Give all the lines below again, exactly, with no pictures.

▸ DATA SEGMENT:
>>>>

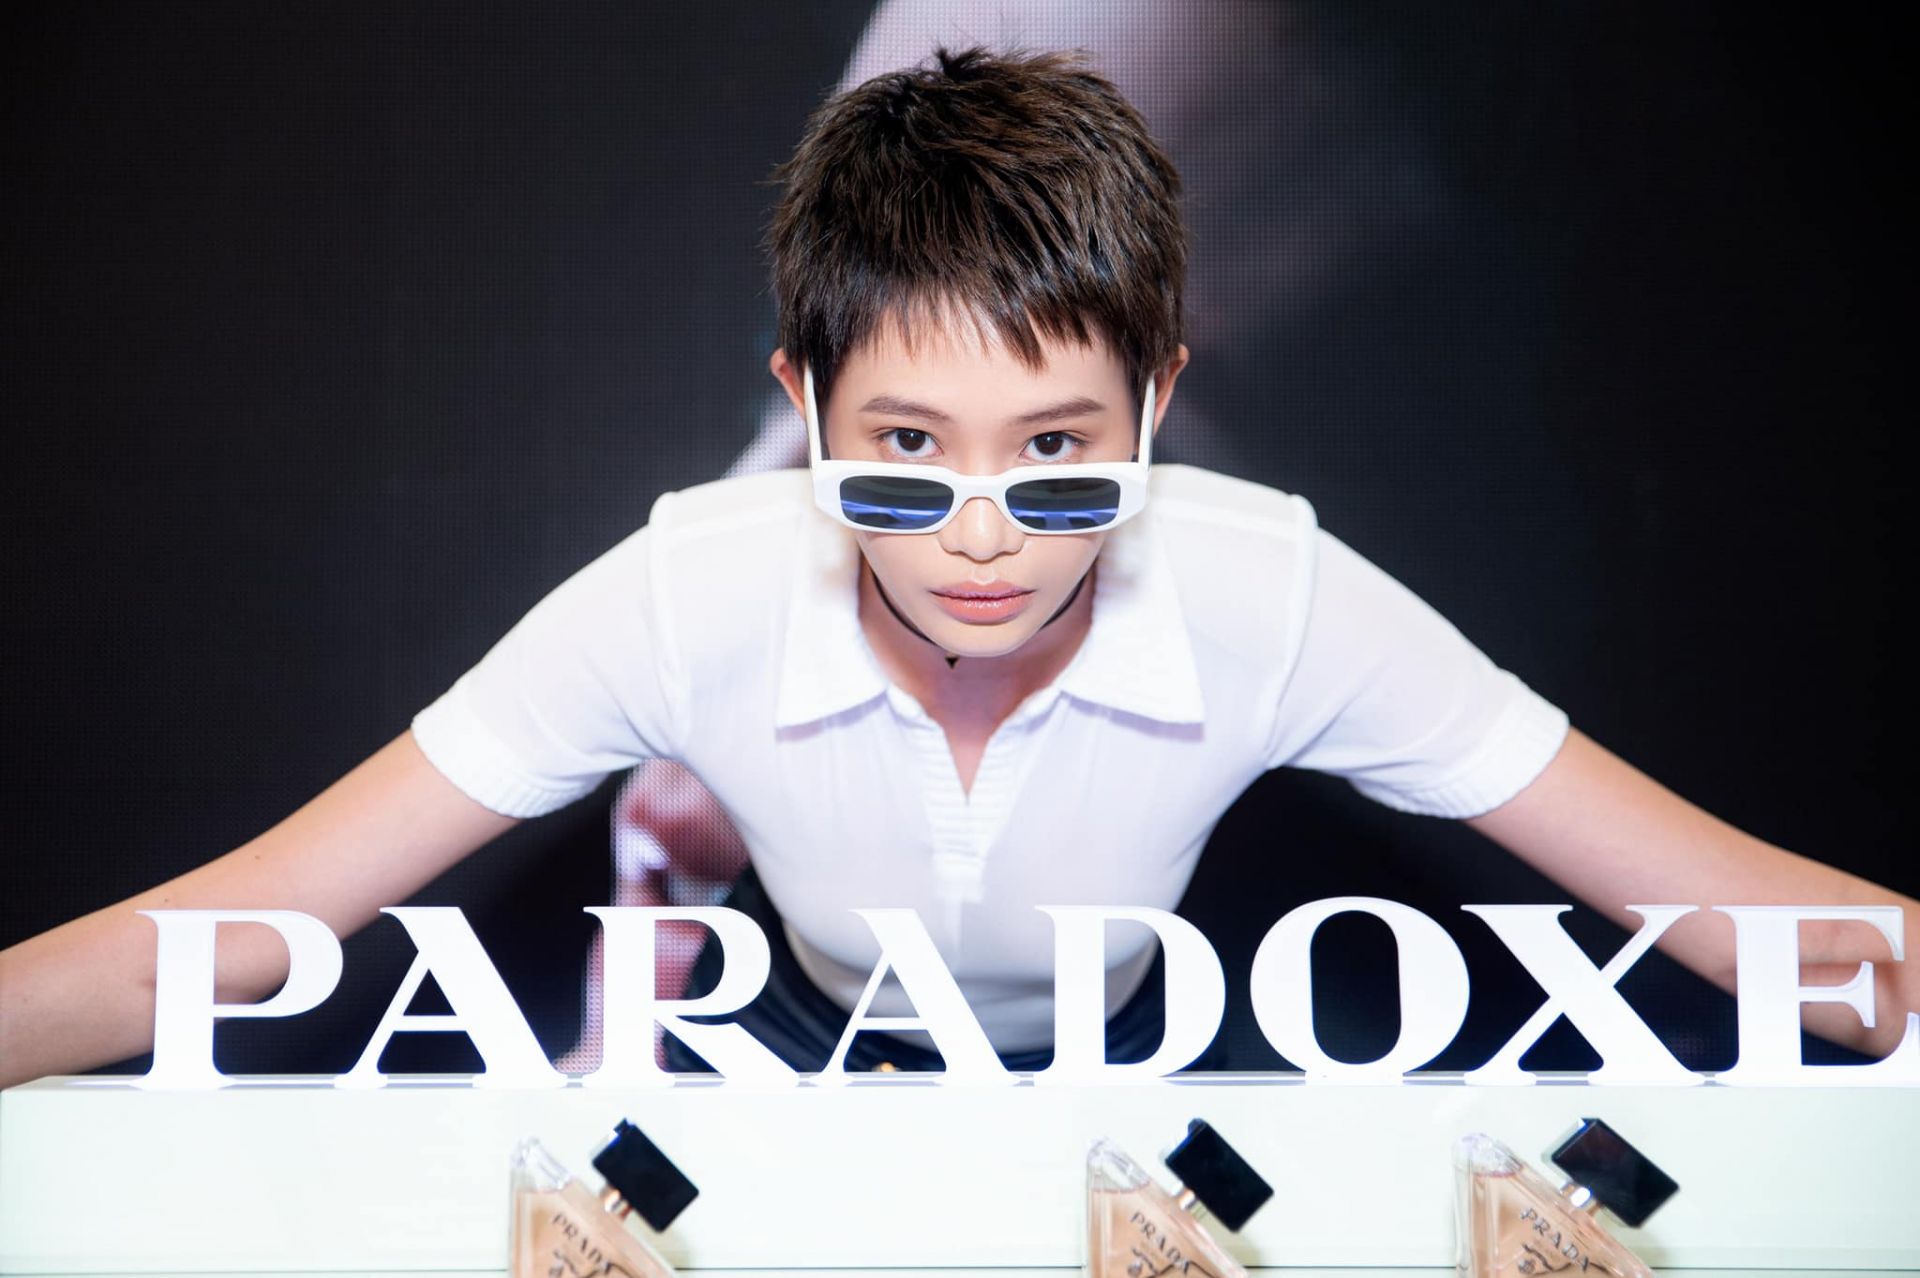 Prada Paradoxe
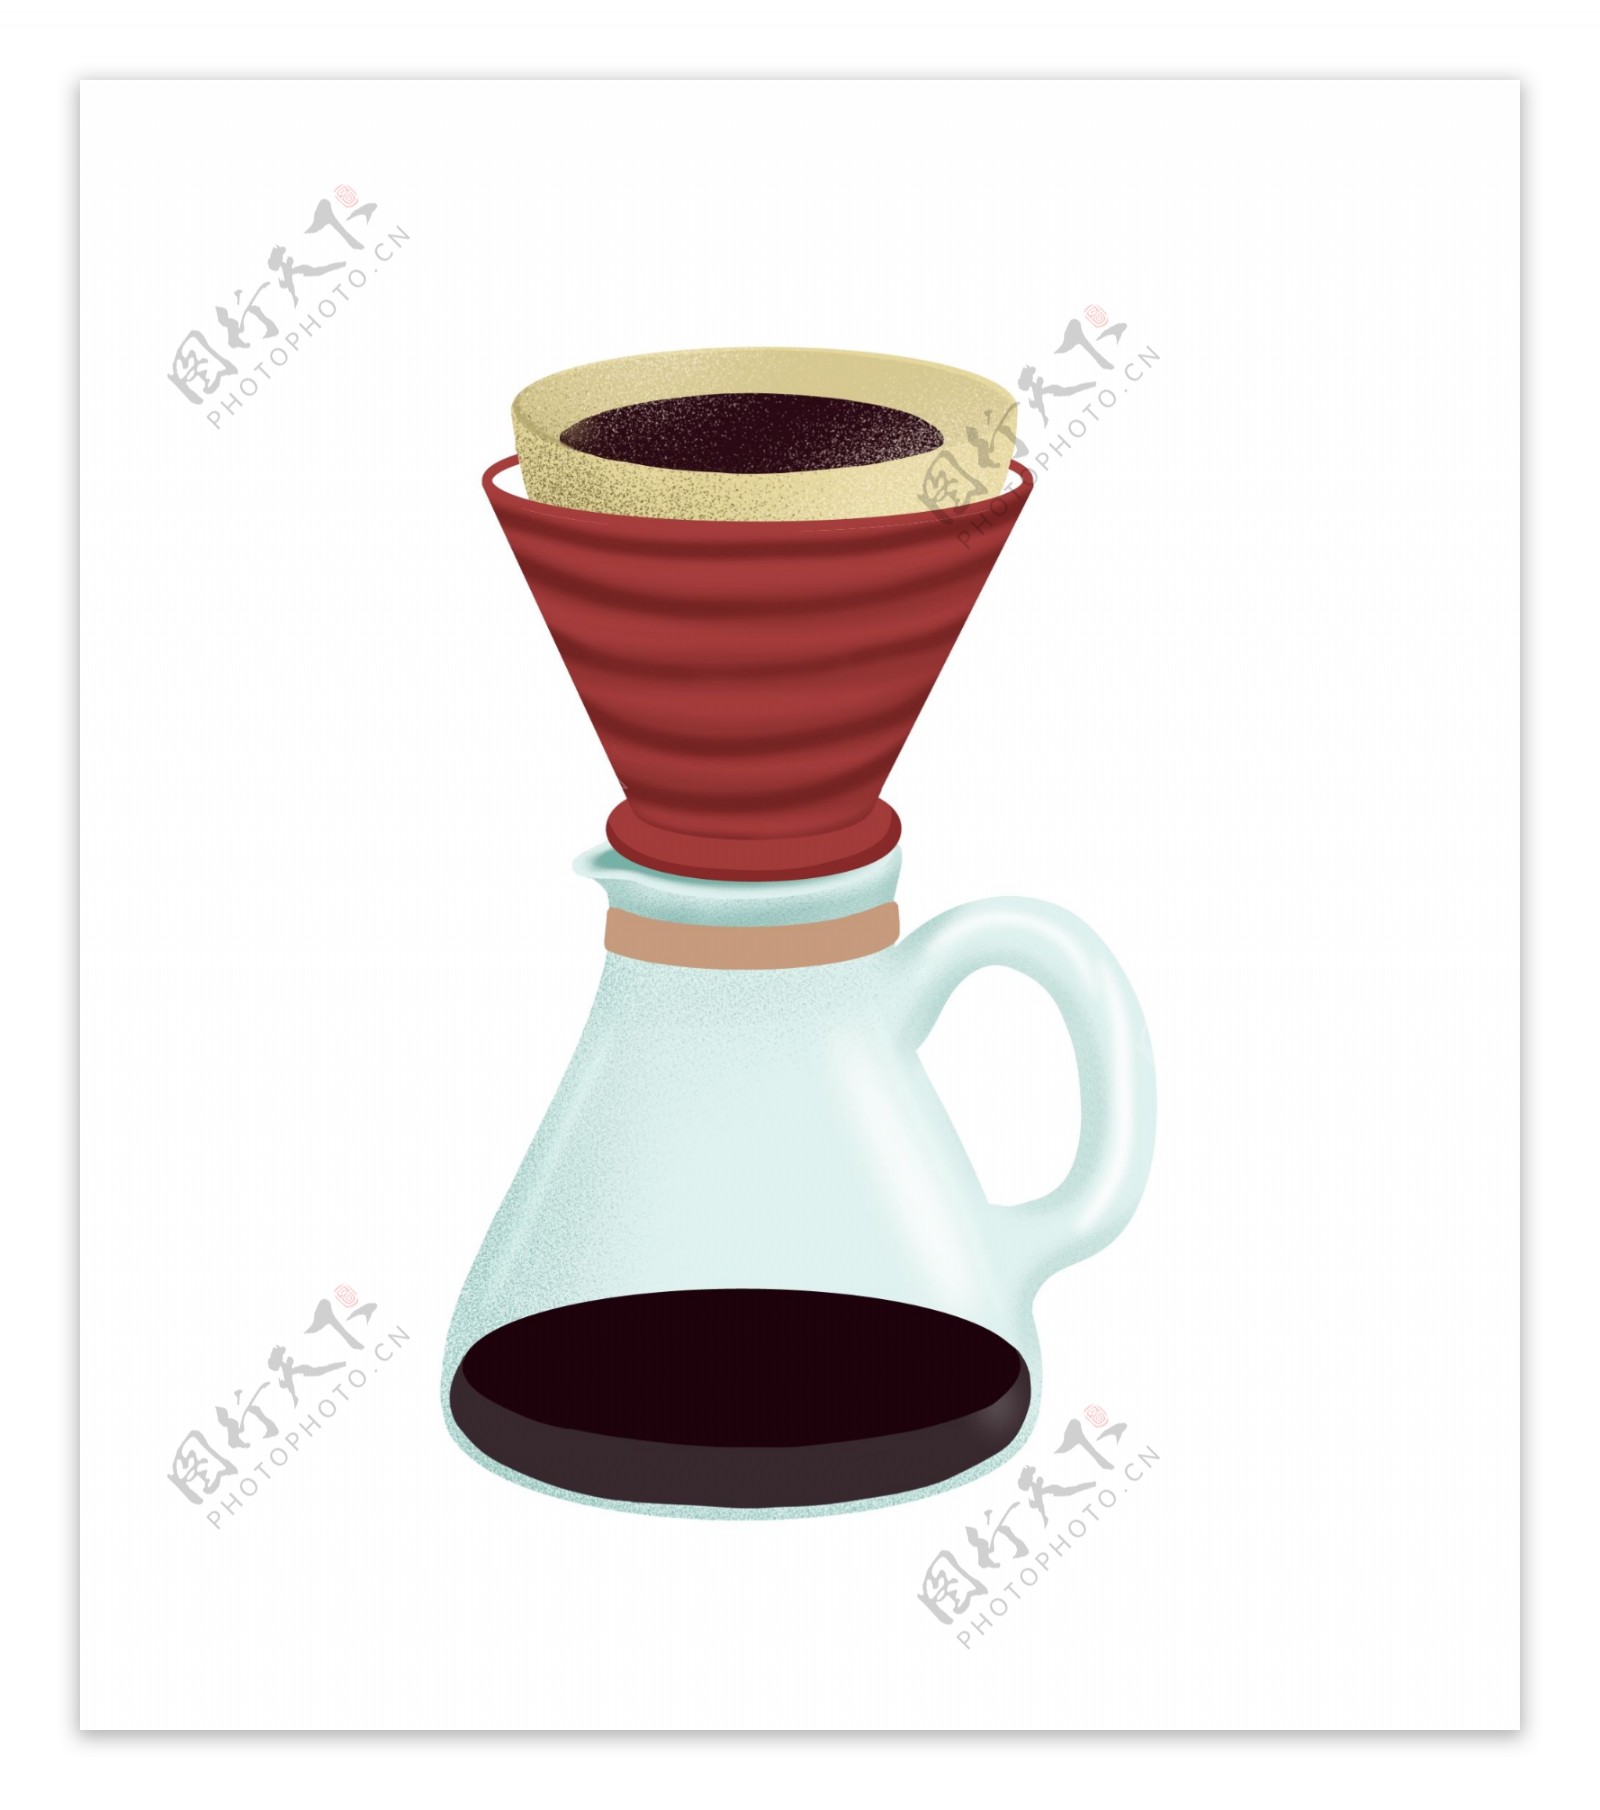 淡蓝色咖啡滴漏壶家用咖啡壶装饰图案
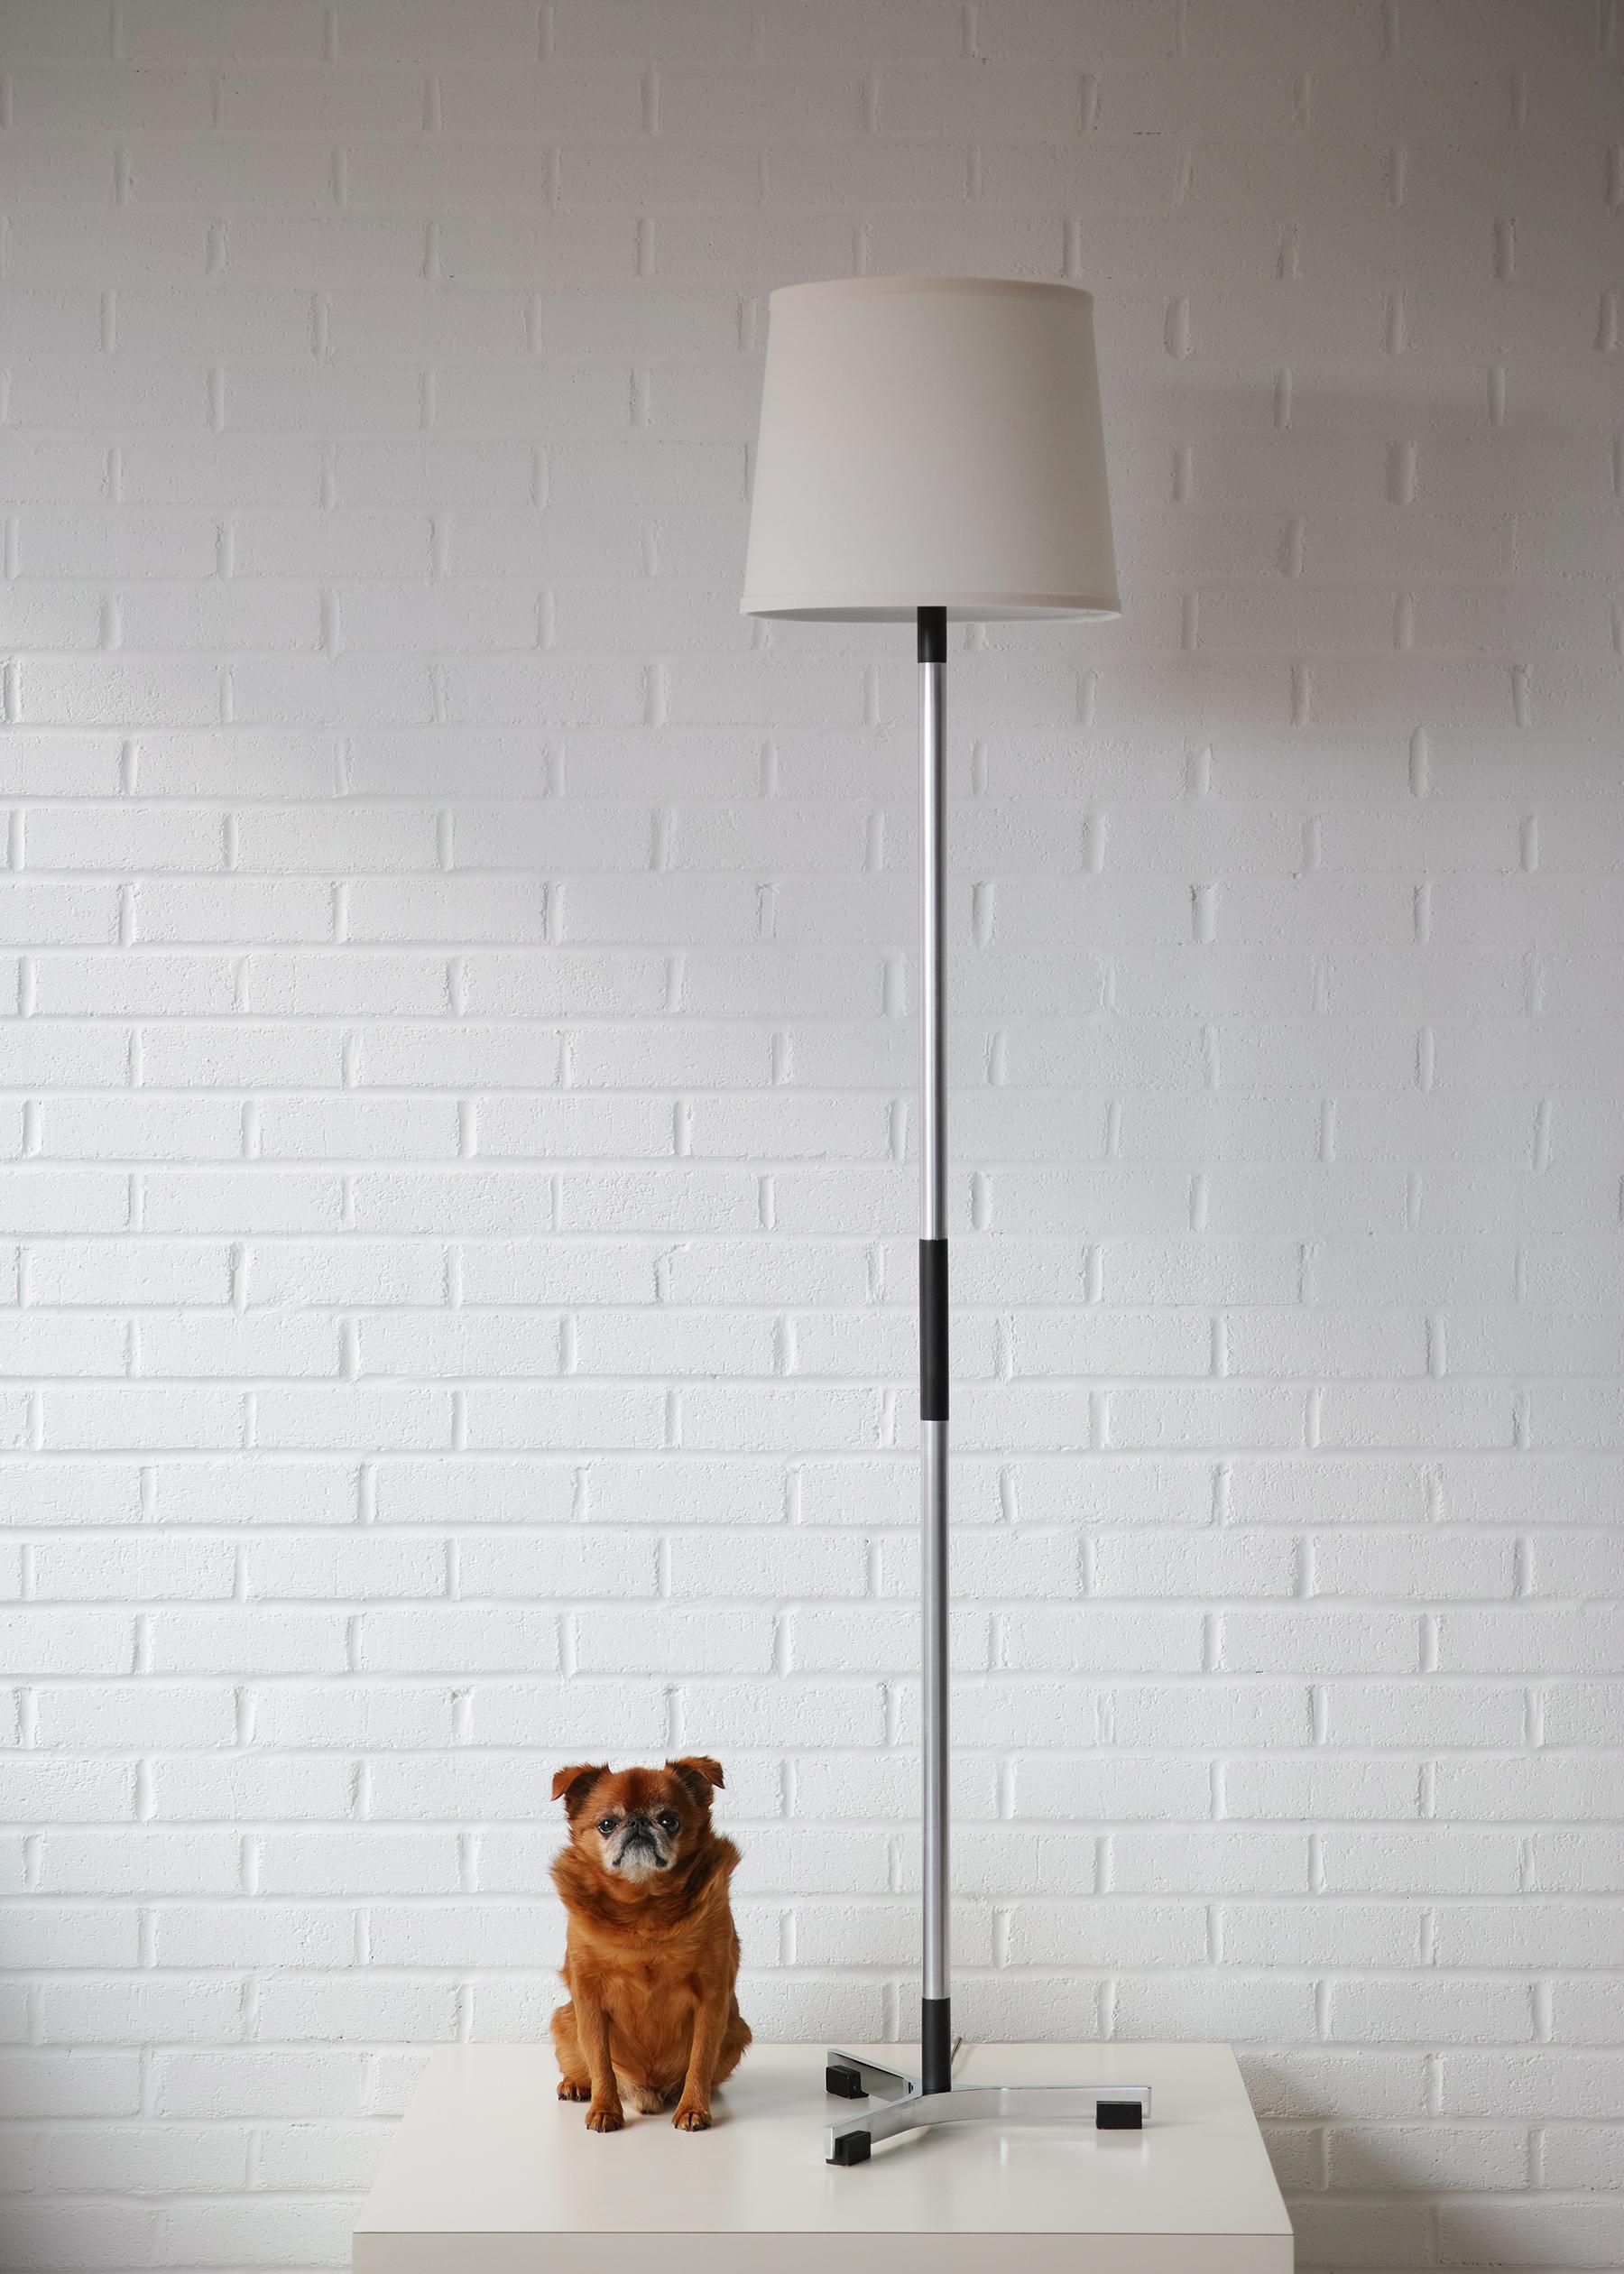 Nous vous proposons ce lampadaire Danish Modern President conçu par Jo Hammerborg pour Fog and Mørup. Il est composé d'acier poli et de bois ébénisé. La base du trépied repose sur des pieds en bois, et l'arbre de la colonne alterne entre le métal et

<<<<

▸ RESPONSE TO THIS EXERCISE:
 Prada Paradoxe
 淡蓝色咖啡滴漏壶家用咖啡壶装饰图案
 Nous vous proposons ce lampadaire Danish Modern President conçu par Jo Hammerborg pour Fog and Mørup. Il est composé d'acier poli et de bois ébénisé. La base du trépied repose sur des pieds en bois, et l'arbre de la colonne alterne entre le métal et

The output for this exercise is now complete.